“Where?”
“They went up to the twenty-first. I went with ’em. After I keyed myself into an empty, they trotted down the stairs to twenty. I listened around. They’re in 2010-12.”
“Who’s the gay dog?”
“Gentleman from Philadelphia. Roy T. Yaker.”
“Well, well. He’s the poll expert. Probably feeling their pulses, Fran. I’ll take care of it.”
Chapter fifteen:
Ear to the wall
Now and again I meet some youngster who learns I’m a chief security officer. Usually he’s cram-full of notions about the fine points of sleuthing as reported by the ingenious gents who write up crime stories in the lurid mags with Real and Official and Inside in their titles. The kid’s usually very disappointed in me.

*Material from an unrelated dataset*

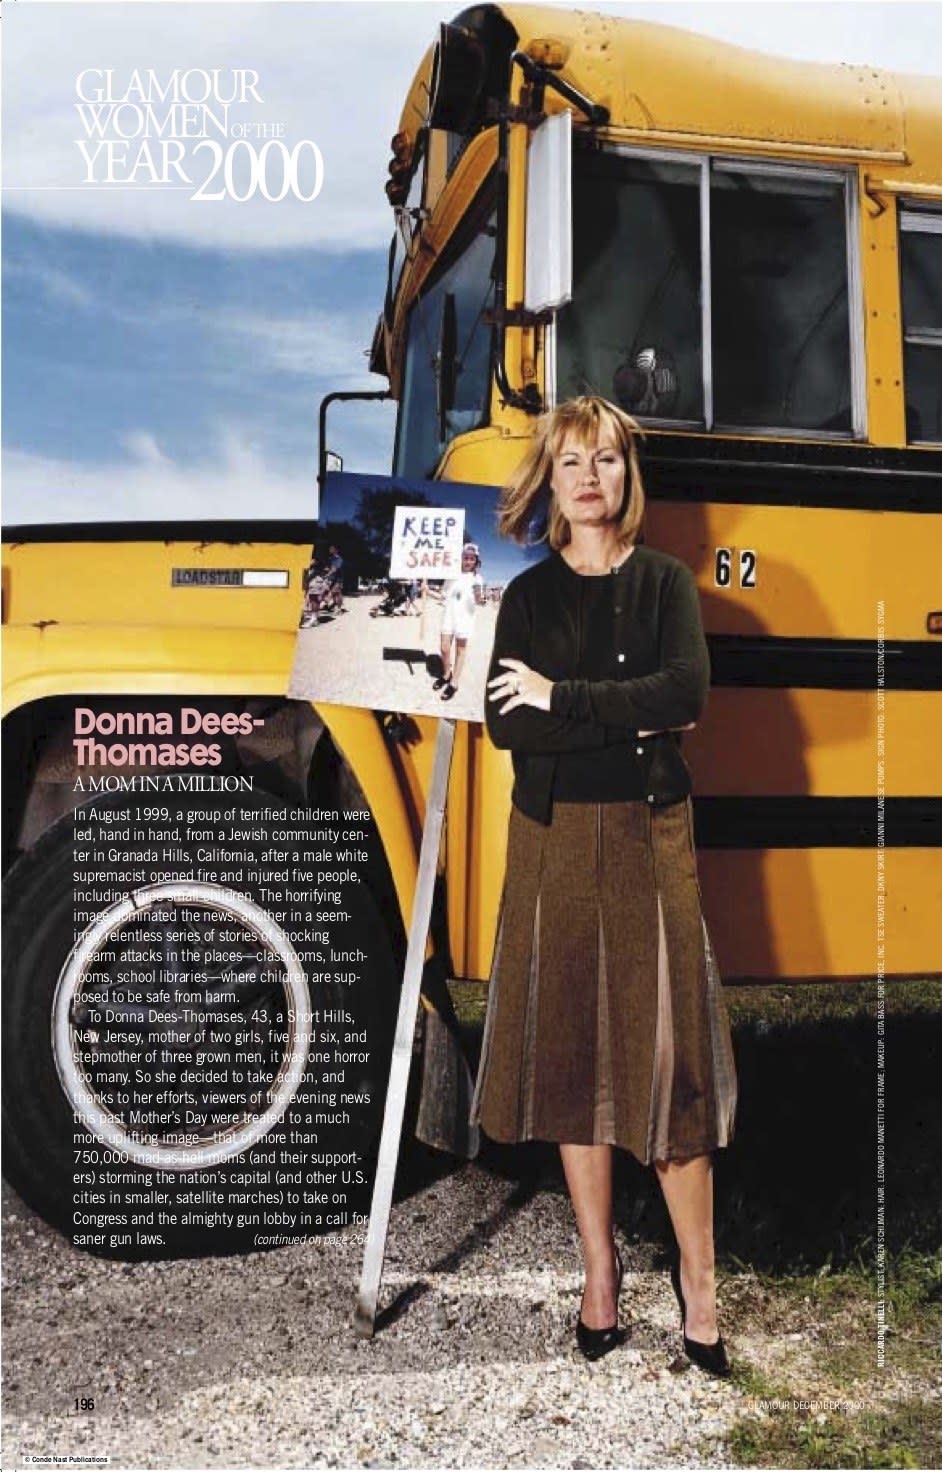 The feature in Glamour's 2000 Women of the Year issue on Donna Dees-Thomases

I can’t do any of the incredible things those clever cusses find so simple. According to their modest self-revelations, at any rate. One of ’em finds it easy to read a murderer’s lips fifty feet across a gloomy, smoke-shrouded barroom, thus “overhearing” details of some gory mayhem. Another has no difficulty searching a criminal’s eyes until he discovers the crook’s innermost secrets, turns him over to the stern hand of judge and jury. One expert claims to have broken a tough case by “mentalizing” a suspect’s mind. Whatever that is.
Many’s the time I’ve been disappointed in myself at not being able to put on such a performance. But it wouldn’t do to read guests’ minds. Not around the Plaza Royale.